Even more, with databases being used for the web, the data we’re storing in the database is more and more strings. Consequently, the RDBMS will have to get better at managing and manipulating strings. Currently, Oracle has some strange limitations, where you have to completely change your syntax if a string might exceed 4000 characters. And string manipulation in PL/SQL is horrible. This will have to change.
Supporting Explorative Use
The undo function of most desktop applications is one of the most important functionsand one of the hardest to implement on top of an RDBMS. The reason it is so important is that it encourages exploration by the user. The user can learn the application by trying, confident that he can undo any changes that he regrets.
Databases already have a wonderful tool for this in the transaction: You can make lots of changes to the database, but until you decide that you’re done and commit the changes, you still have the option of undoing everything by issuing a rollback command. But you can only undo what you’ve done so far in this transaction. The instant you’ve committed, you can’t change your mind in any other way than by manually and carefully reversing your actions.
I’d like to see a RDBMS that’ll let me pick an old (but not too old) transaction and have that undone. This will make it easier for applications to offer a general undo function to users, and users will be happier. To implement an undo feature in a database application today is very hard work.
The tricky thing here is the interaction among multiple users. What if I post a question on a discussion forum, some other user answers my question, and then I want to undo? Well, basically, I can’t. That’s the hard fact of life. If you say something out loud and someone else acts on it, it’s too late to take it back. But if noone’s yet acted on what the user just did, we might as well let her take it back.
I’m not familiar enough with the details of database theory to judge whether it’s possible or not, but I’d guess that it would be safe to undo an action if no later transaction has read the data the user just touched and made other changes after having read it. The RDBMS knows whether that’s the case or not.
Ease of Maintenance
Joe Nerd doesn’t have spare time or money for installing and maintaing a database installation. The RDBMS has to take on more of the job of maintaining itself and running smoothly, so the developer can focus on adding the features that matters to the users of his web site. I haven’t tried installing and maintaining too many different RDBMS’, but I do know that Oracle is quite a beast to deal with, and that both Interbase and PostgreSQL are much better.
The current trouble falls in two parts: Instaling it and making sure it keeps running smoothly. Installation should be completely straight-forward, and have reasonable defaults, so you don’t even have to change any parameters before installing it. It can surely be done.

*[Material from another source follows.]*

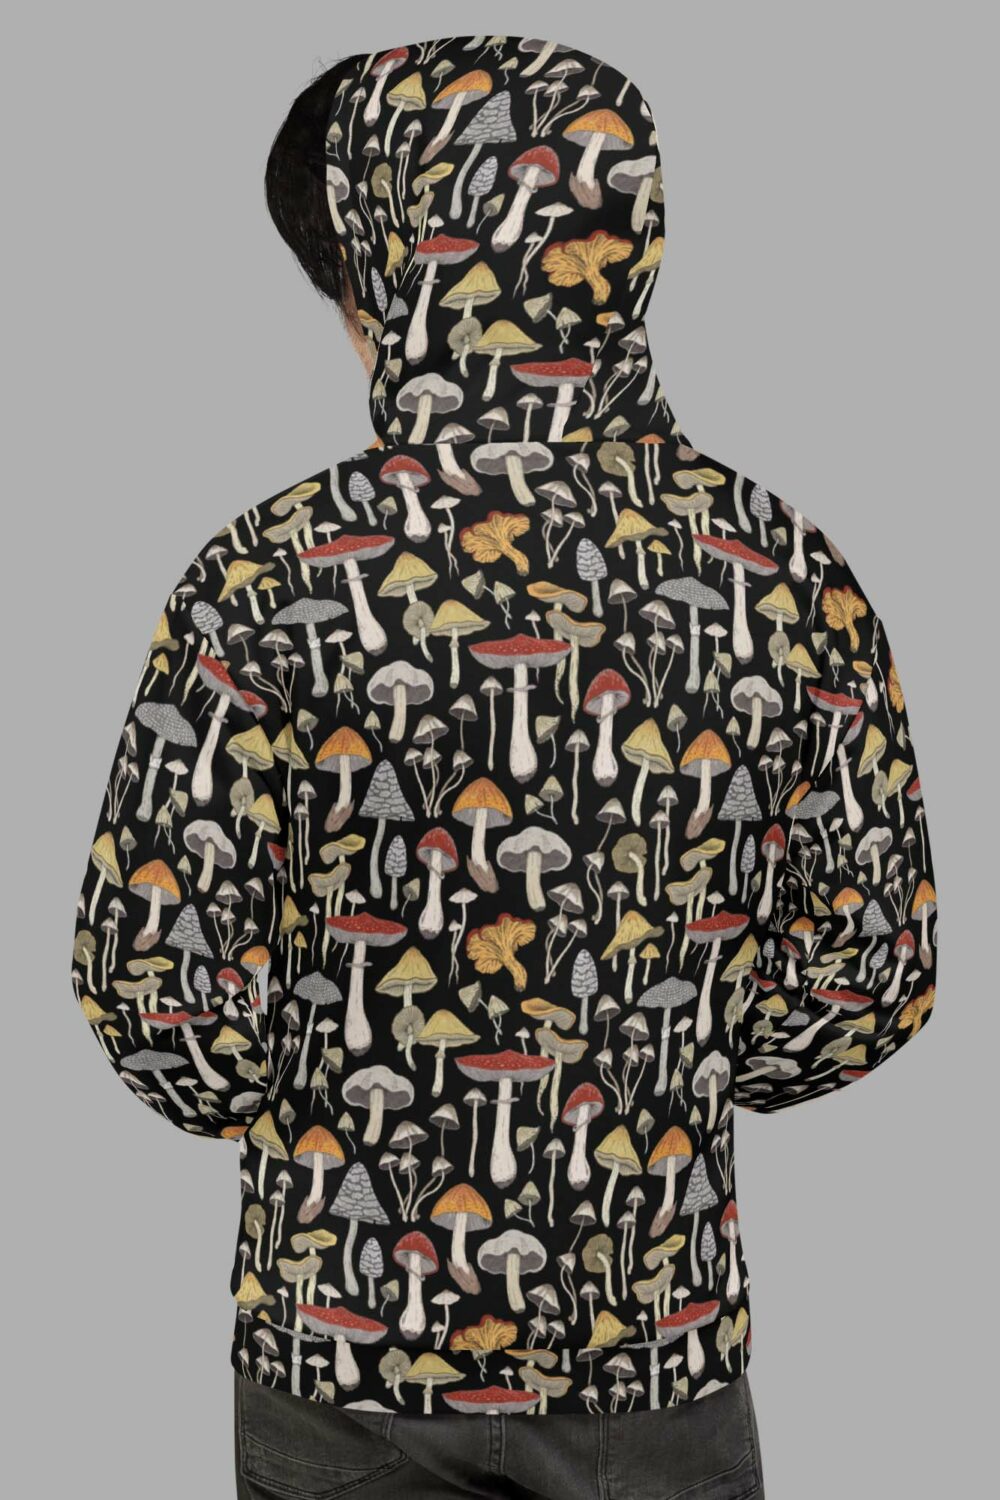 cosmic drifters hoodie back mushroom print

Databases often get slower and slower as they get bigger. The RDBMS should be able to automatically defragment as needed, grow as needed, and in general do a reasonable job of running smoothly without human intervention. I don’t have first-hand experience with this, but others have told me that Interbase does an excellent job hereproof that it can be done.
In summary, I believe that the twin effect of new users starting to use databases for new things will have a profound effect on the database market. Within the next three years, I expect to see open source databases have a great impact, and I expect to see them pioneering a number of innovations in RDBMS software.